# Can the FTC on general category income off set taxes on short-term capital gains?



## martinelli95 (5 mo ago)

Hey everyone.. stumbled upon this community and figured I'd give it a shot! Accounting major so perhaps I can help out down the road as well 

I have been using the FTC (Form 1116) successfully since 2018 to off-set my Federal Tax Liability. Accumulating about $10K credit carry forward. Note - I haveonly had General Category Income (aka a salary) all these years.

This year things are diferent. I have for the first time a short term capital gain of $12k! This gain was untaxed by my country of residence. The question is...

*Can I use my FTC accumulated from past years (on general category income) off-set the taxes on this short term gain?*

On one hand the IRS treats STCGs as "ordinary income" so this would make sense to me.. but when I filled out the forms, it says I owe money.


----------



## Moulard (Feb 3, 2017)

Capital gains not related to the active conduct of a trade or business are generally considered passive income for the purpose of foreign tax credits. 

So the short answer to your question is no.


----------



## martinelli95 (5 mo ago)

Moulard said:


> Capital gains not related to the active conduct of a trade or business are generally considered passive income for the purpose of foreign tax credits.
> 
> So the short answer to your question is no.


Thank you very much! That is the conclusion I had come to as well.

I think I am going to switch to the FEIE - use it FEIE to exclude my general income (salary), then use the Standard Deduction to exclude my $12K short term capital gain.

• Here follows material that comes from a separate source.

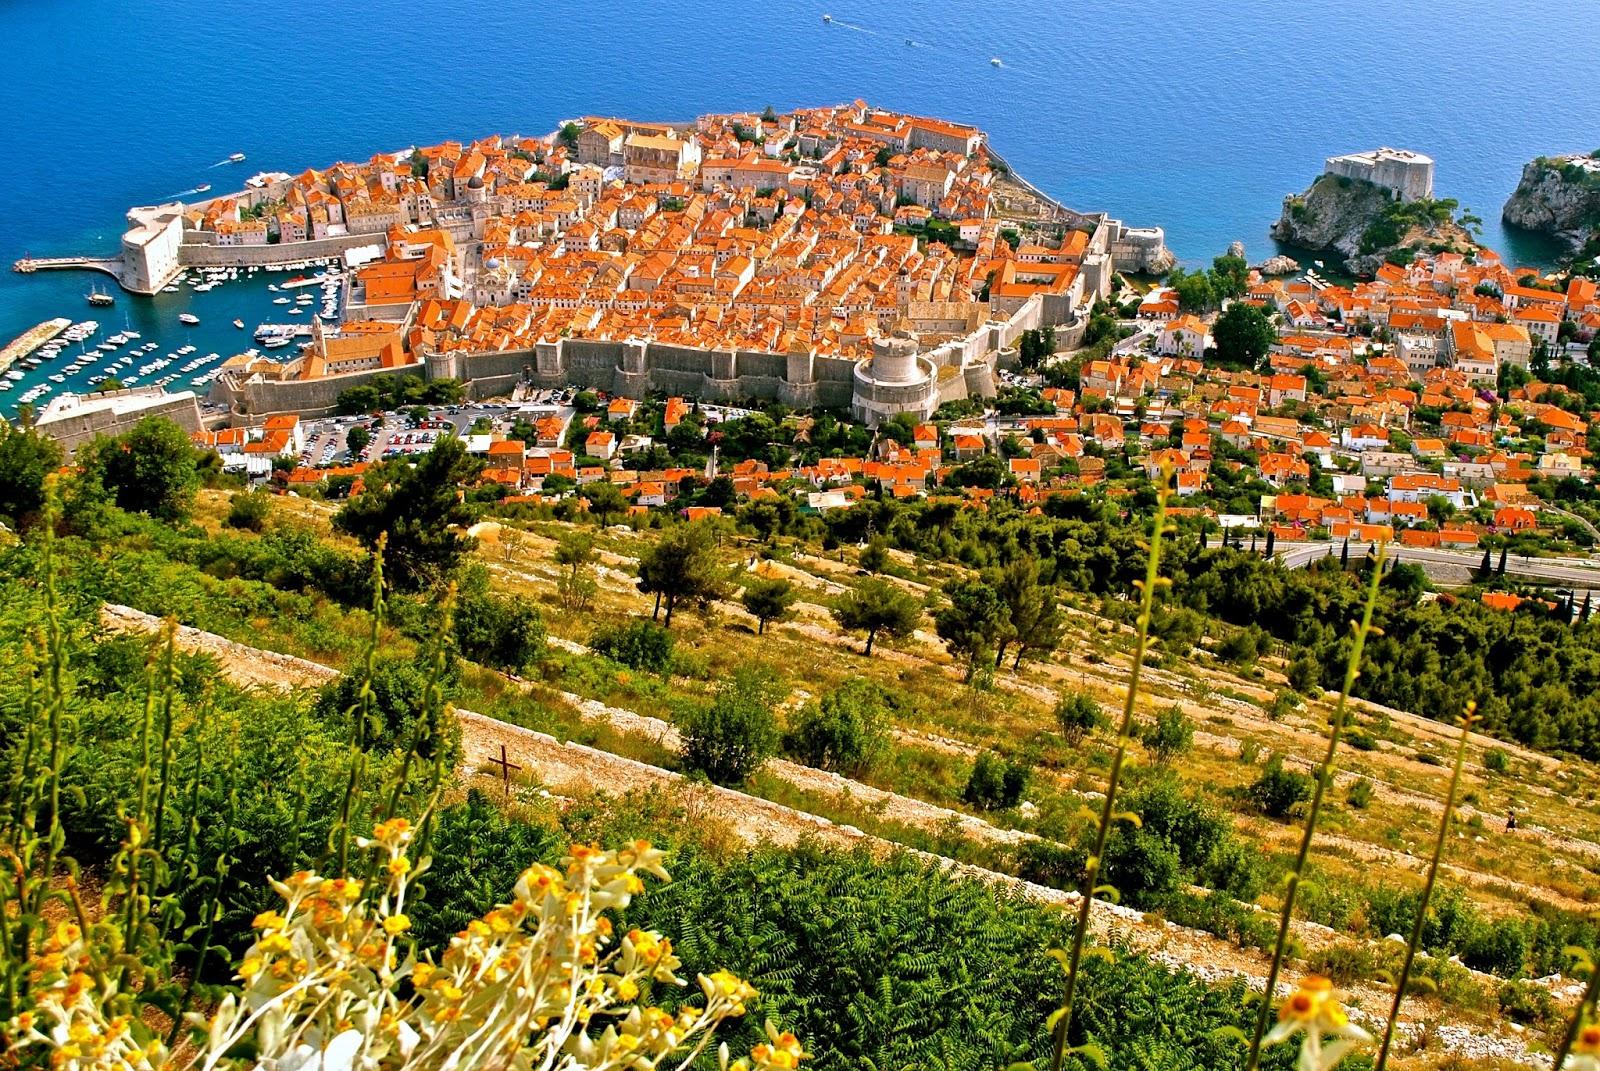 View of Dubrovnik from Mount Srdj

Otherwise based on the papers I am filling out, the $12k short term capital gain ends up getting taxed.

Unless there is a way to apply the standard deduction AFTER I have taken the credit. But that doesn't seem possible from what I recall in accounting. Deductions first, then last credits.


----------



## Moulard (Feb 3, 2017)

martinelli95 said:


> I think I am going to switch to the FEIE - use it FEIE to exclude my general income (salary), then use the Standard Deduction to exclude my $12K short term capital gain.


Unless its been over 5 years since you first started using FTCs on your general income, you cannot revert to FEIE without a private letter ruling from the IRS.


----------



## martinelli95 (5 mo ago)

Moulard said:


> Unless its been over 5 years since you first started using FTCs on your general income, you cannot revert to FEIE without a private letter ruling from the IRS.



Thanks for this - I only started paying taxes 3 years ago as I am quite young! I never started using the FEIE so I never formally revoked it. 

From what I am reading I should be in the clear here.


----------



## Moulard (Feb 3, 2017)

You don't need to have formally revoked it. Its getting quite late for me so I don't have references at hand but from the US perspective...

Simply taking a tax position which is contrary to the rules and intent of the FEIE is enough if it ever got so far as the US tax court.


----------



## martinelli95 (5 mo ago)

Moulard said:


> You don't need to have formally revoked it. Its getting quite late for me so I don't have references at hand but from the US perspective...
> 
> Simply taking a tax position which is contrary to the rules and intent of the FEIE is enough if it ever got so far as the US tax court.



Good to know. I may have to take my chances on my measly income though. Thanks again.


----------